Boon was the captain of the two-time Stanley Cup-winning Montreal HC teams of 1902 and 1903 which had several other future Hall of Famers including Jimmy Gardner, Tommy Phillips and Jack Marshall. He was effective despite being the smallest player on the team. Like many other members of the team dubbed the "Little Men of Iron", Boon left Montreal HC in December 1903 to found the Montreal Wanderers in the new Federal Amateur Hockey League (FAHL). He played with the club until 1905. At that point, professionalism was taking hold in hockey and Boon dropped out of playing hockey after the objections of his parents to him becoming a professional. He then turned to management of the Wanderers and he managed the club until 1916. He led the Wanderers to four Stanley Cup titles in 1906, 1907, 1908, and 1910 as Manager. Although Boon was a multiple winner of the Stanley Cup, he was not happy with it interfering in the season of play. In 1903, he was quoted as saying: "The Cup is far from beneficial to the game, it is detrimental."

In 1910, Boon, along with Jimmy Gardner was instrumental in setting up the National Hockey Association (NHA) (predecessor of today's National Hockey League (NHL)) when the Wanderers were refused entry into the new Canadian Hockey Association (CHA), along with Renfrew. Gardner, Boon and Ambrose O'Brien conceived of founding the NHA on the spot, after the CHA had met to expel the Wanderers and in the same hotel, the Windsor Hotel in Montreal. The NHA would be innovative in making professional hockey more business-like.

In 1924, Boon was approached by James Strachan, former owner of the Wanderers and part-owner of the new Montreal Hockey Club franchise entering the National Hockey League to negotiate the use of the name "Wanderers" for the new team.
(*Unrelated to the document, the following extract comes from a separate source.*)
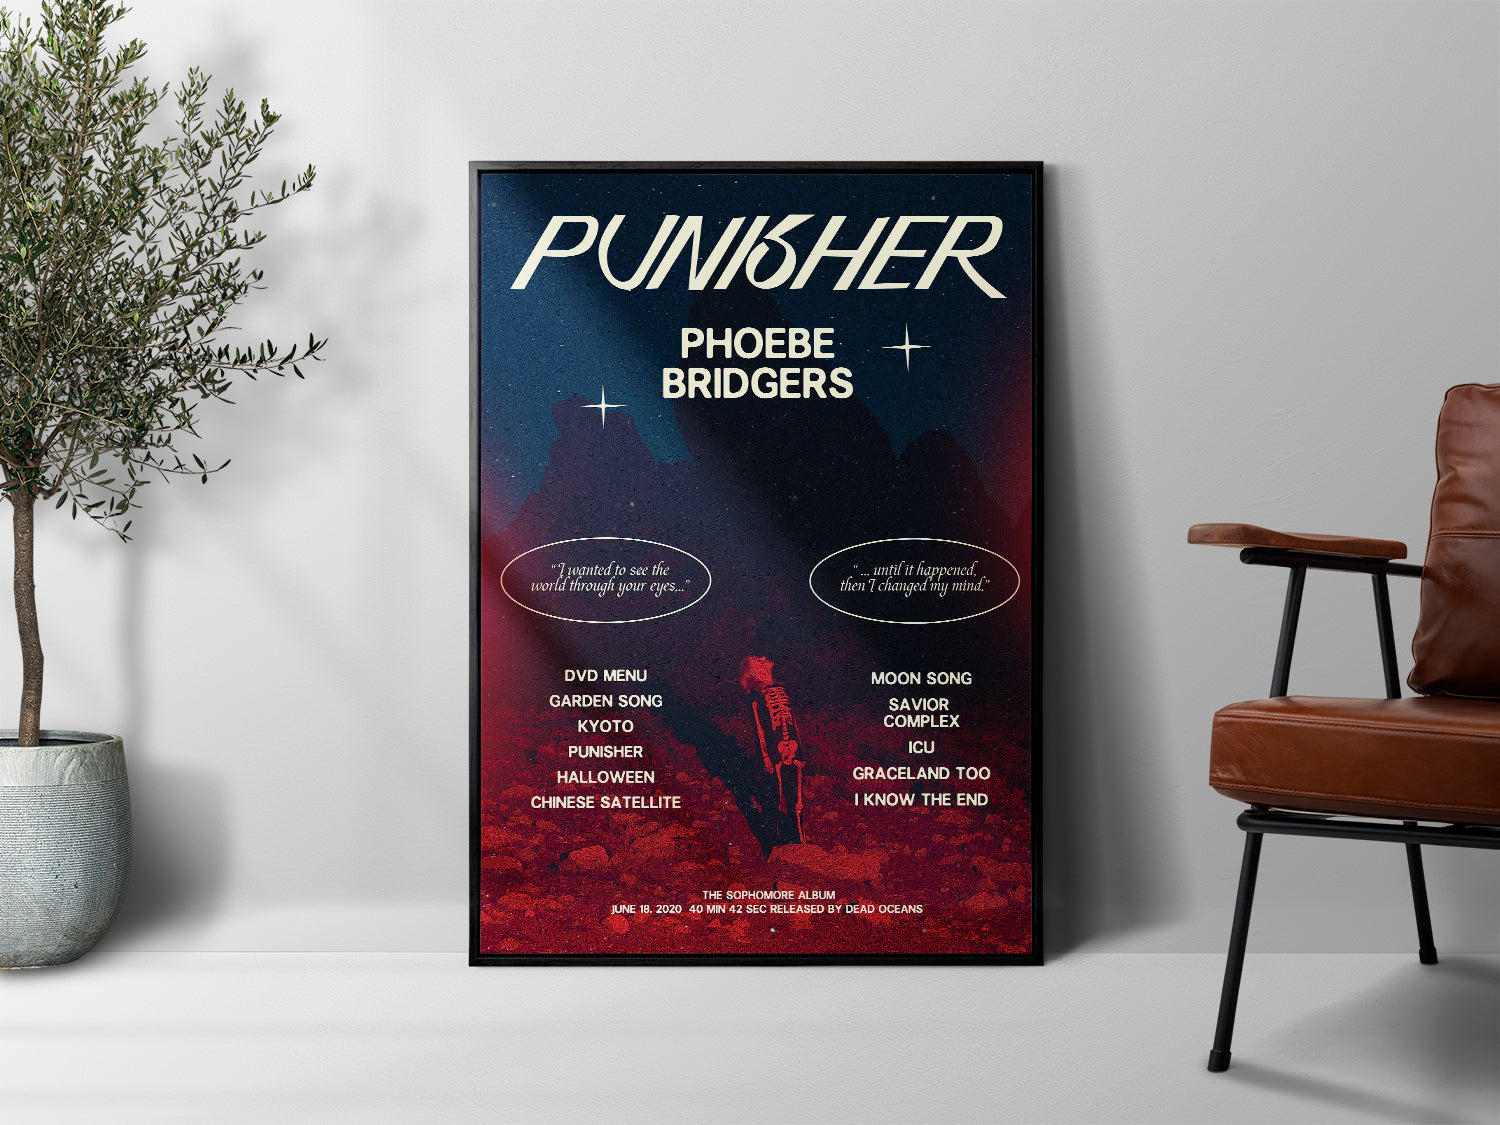 Phoebe Bridgers Poster - Punisher Album - Album Art Poster sold by

The negotiations were unsuccessful and the team was instead nameless, until the nickname "Maroons" came into use, after the colour of their sweaters.

==After hockey==
After retiring from playing hockey, Boon became a co-founder of the Boon-Strachan Coal business, and he took up curling and golf. He was a long-time member of the Outremont Curling Club and the Club's Boon Trophy was named after him. In 1954, he was named one of Montreal's outstanding sportsmen by the Sportsmen's Association of Montreal.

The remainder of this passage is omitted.